第29話
爆発音がした方向に向かうとゴブリンが向かってきていた。
だか、どこか逃げ惑っているように見えた。
「カルマ!ここで食い止めるぞ!」
「父様!何か変です。ゴブリン共は何かから逃げてきたように感じます!」
「わかっている!だが、この軍勢だ!余計な事を考えていたら怪我するぞ!シリウス団長殿!助太刀を頼む!王女様は家族を頼む!」
「私も戦います!」
「だからこそ頼むといっている!」
「ファナ!お願い!村のみんなを…」
「…わかりました。…ご武運を」
先行してきたゴブリンを相手にしながらファナに村のみんなを任せボクら三人はゴブリン共の方にかけた。
「…ルナ、ファナについて行って!何かあったら知らせて」
「クルゥ!」
父様とシリウス団長とゴブリン共を斬り伏せていたがあまりにも大量、広範囲に魔物がいた為にはぐれてしまった。

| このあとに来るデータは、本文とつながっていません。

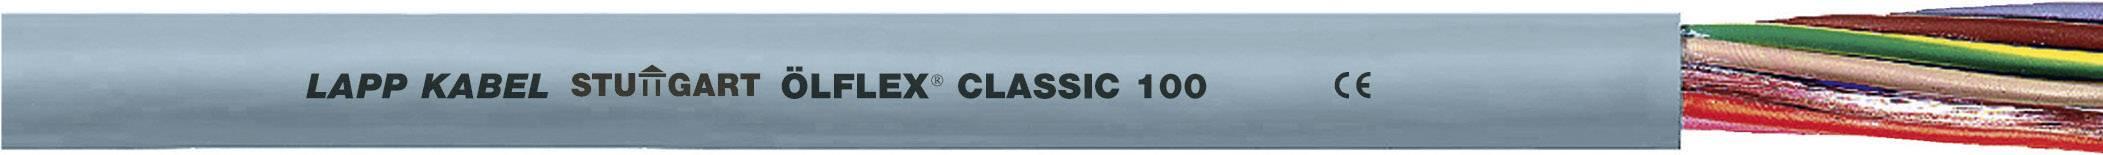 Kabel LappKabel Ölflex CLASSIC 100 3G120 (0010308), PVC, 47,6 mm, 750 V, šedá, 300 m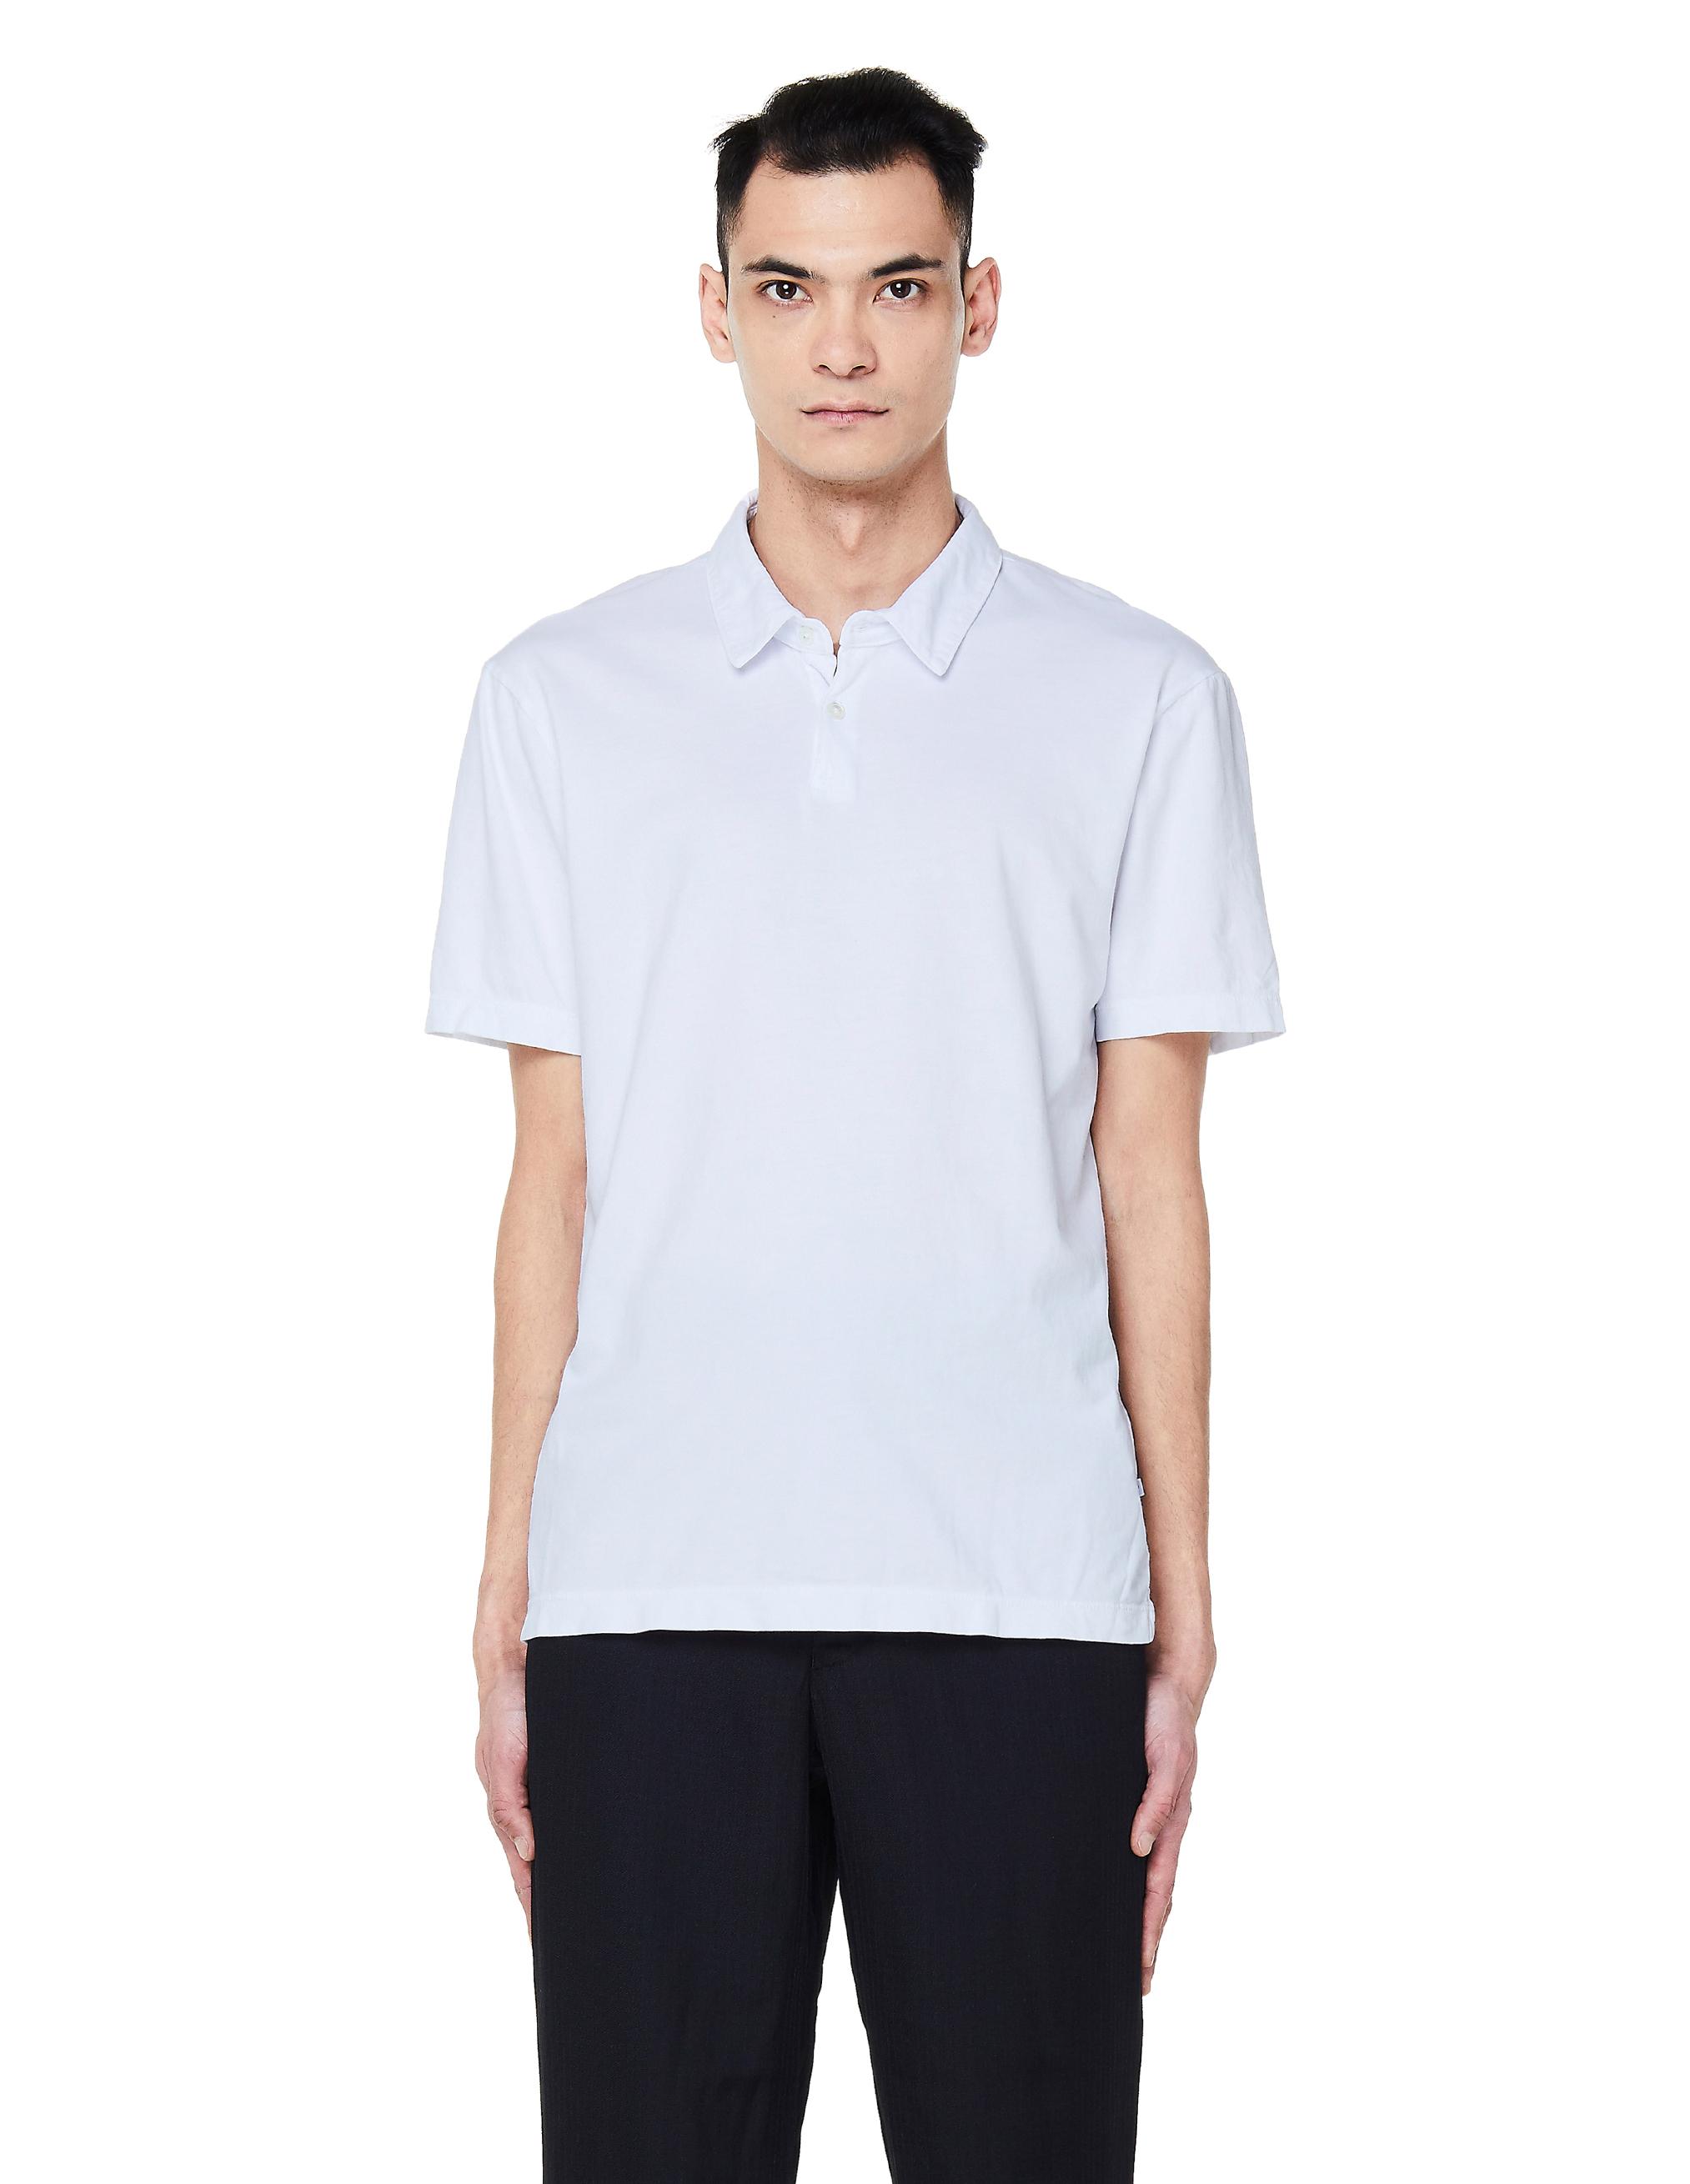 James Perse White Cotton Polo T-Shirt

「さて、この辺のゴブリン共は倒せたかな?……ここどこだろ?周りは木だらけ、森の中にいるって事は……魔の森に入っちゃた?…痛!!」
………………主…………主、どうして……
頭の中に声が聞こえた。
少しの間その声に吸い込まれていく感覚がしてボーとしていた。
近くにゴブリンの生き残りがいる事に気付けない程に…襲われそうになった瞬間に気付き反撃が間にあわない!やられる!その時空から父様の召喚獣のクゥ(鷹)が助けてくれた。
「クゥ?ごめん、油断した。どうしてここに?」
「ピィー!ピィ!」
まるで急かすように鳴くクゥを観て父様に何かあったのかとクゥが導くままに走った。
グオオォォォ〜!
クゥに連れられた場所には父様とシリウス団長がコモンオオトカゲをでっかくした様な魔物と戦っていた。
「きたかカルマ!ここ一番の大物だ!全員で倒すぞ!」
「早く助けろ!魔物斬り!…マジキツイ!」
死闘は長く続き、流石のお父様も無傷ではなかった。
「ぐっ!…この蜥蜴がぁ〜!」
魔物の攻撃、上からの前足攻撃を避けきれず受け止め、父様の身体からは今までに受けた傷から血を流していた。
シリウス団長は尻尾攻撃で気絶していた。
「カルマァ〜!やれぇ〜!」
「はあぁぁぁぁぁ!」
父様が魔物を引き留めている間、ボクは武器に魔力を最大限込めて魔物の上をとった
「くぅぅらえぇぇ〜!飛斬!風乱斬りぃぃ!」
風属性を使って同じ場所に何度も放つ斬撃は魔物を真っ二つに切った。
真っ二つに切れたことにより地震が起きたかのように地面が揺れた。
「……勝った。父様!大丈夫!」
血だらけの父様の元に駆けつけた。
「俺は平気だ。カルマ、動けるなら村に戻れ。倒しそびれた奴がいるかもしれん。俺はシリウスを起こしてすぐ向かう!」
「わかりました。父様!また会いましょう」
急ぎ村に向かうとそこには踏み荒らされた村と頭から血を流して倒れてるファナとルナ、ミナに一生懸命治療している母様がいた。
「ファナ!母様!ミナ!ルナ?」
近くに倒れてるファナを起こし何が起きたのかをきいた。
「ファナ!ファナ!起きて!何があった?」
「……う!…カルマ…君?…」
「何があった。教えてくれ」
「凄く大きな魔物が…あ!ミナちゃんは!」
「ミナならあそこに……ミナ?」
もう一度ミナを見るとミナの顔に生気が感じられなかった。
「ミナ?…ミナ!」
ミナの元に駆けつけると下半身が踏み潰されていた。